Gold sustained one of its biggest routs since the 2008 economic crisis Thursday, plunging 6 percent to $1,286 and ounce in broad cross-asset selling a day after the Federal Reserve gave its most explicit signal yet that it plans to bring the era of easy money to an end.
After breaking below a key recent low at $1,320 an ounce, bullion's losses accelerated to their lowest level in nearly three years. The metal's decline, its biggest one-day drop since its mid-April meltdown, is also dragging the entire commodities complex sharply lower.
A surge in interest rates, as reflected in a two-year high in 10-year Treasury bond yields, pummeled gold investments, including exchange-traded funds, after Fed Chairman Ben Bernanke's remarks about possibly scaling back stimulus later this year.
Bullion, a nonyield-bearing asset and a traditional inflation hedge, tends to be particularly sensitive to interest rate changes.
"People had been going into gold, commodities and equities because the bond yields were so low," said Jeffrey Sica, chief investment officer at Sica Wealth, which oversees more than $1 billion in client assets. "Now, with bond yield rising we are beginning to see liquidation out of gold and into cash.
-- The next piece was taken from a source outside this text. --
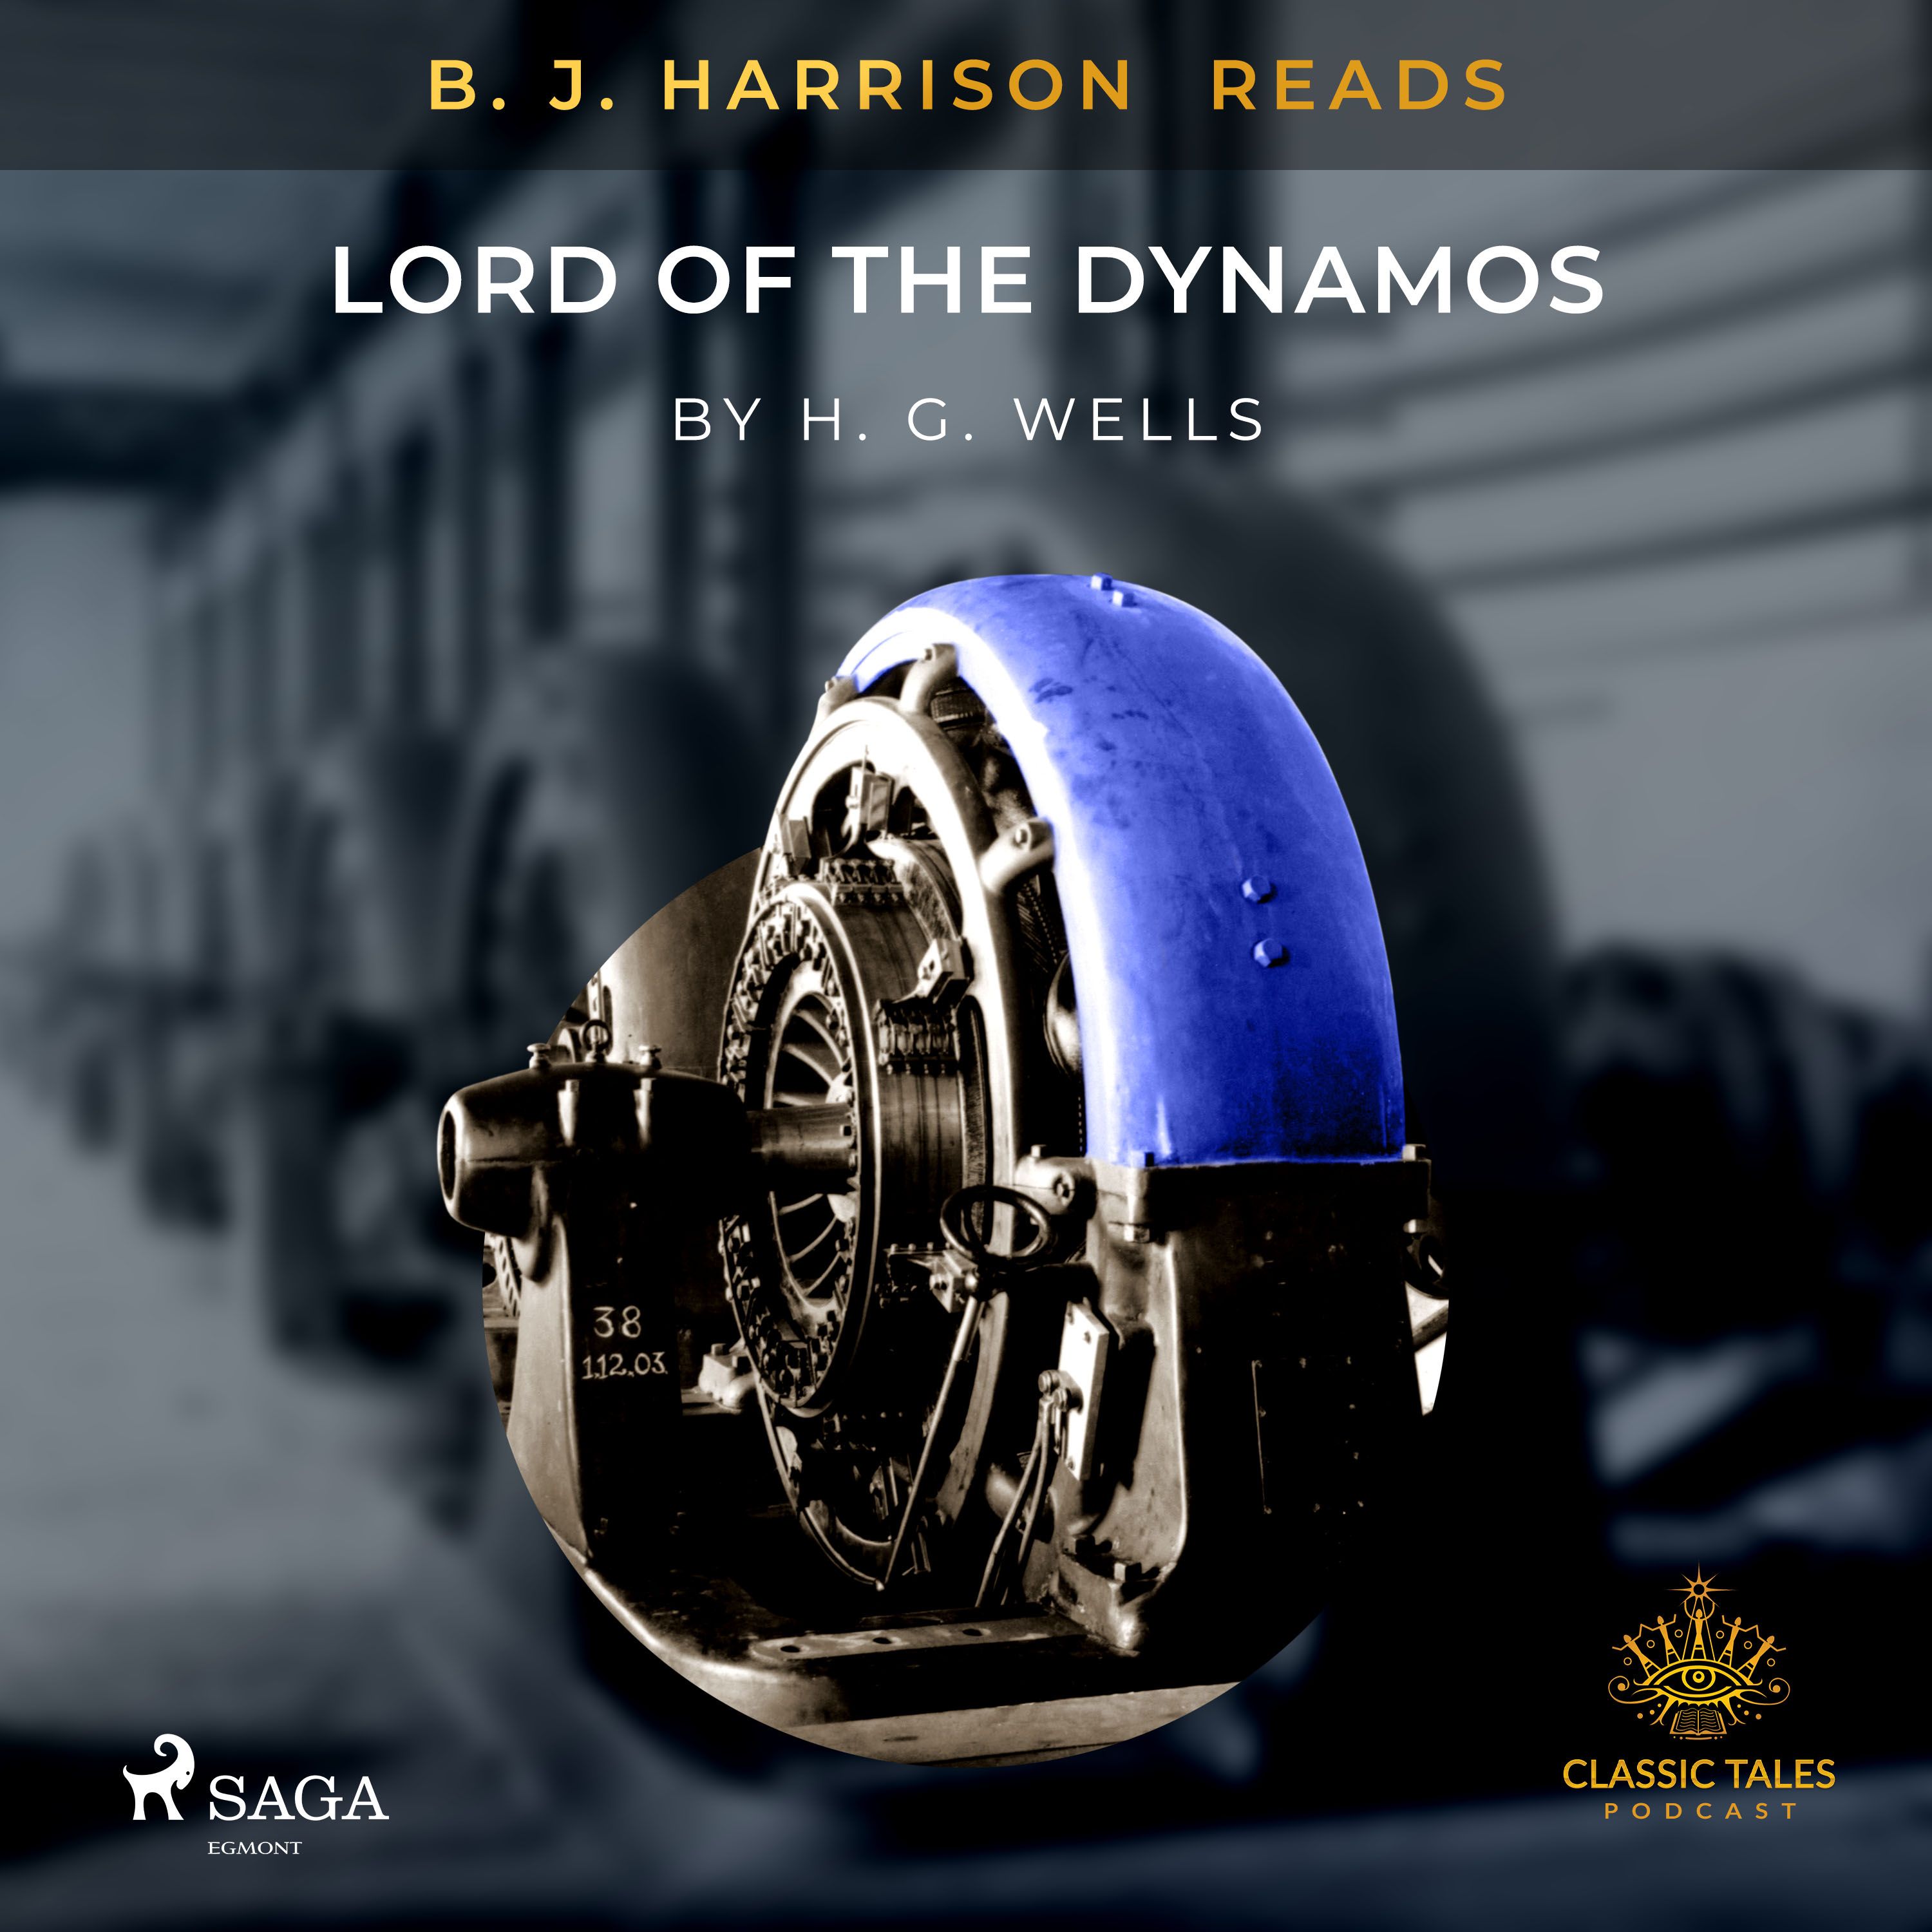 B.J. Harrison Reads Lord of the Dynamos, ljudbok av H. G. Wells

It's going to be a bloodbath here on the way down after we broke $1,320."
Spot gold was down 5 percent to $1,280 an ounce, having hit $1,281.40, which marked its lowest level since Oct. 4, 2010.
U.S. gold futures for August delivery settled down $87.80 an ounce at $1,286.20, with trading volume already more than 350,000 lots on what may be the highest daily turnover in nearly a month, according to preliminary Reuters data.
Investment demand also dropped. Bullion holdings in the world's biggest gold exchange-traded fund, SPDR Gold Trust, fell 0.2 percent to their lowest level in four years.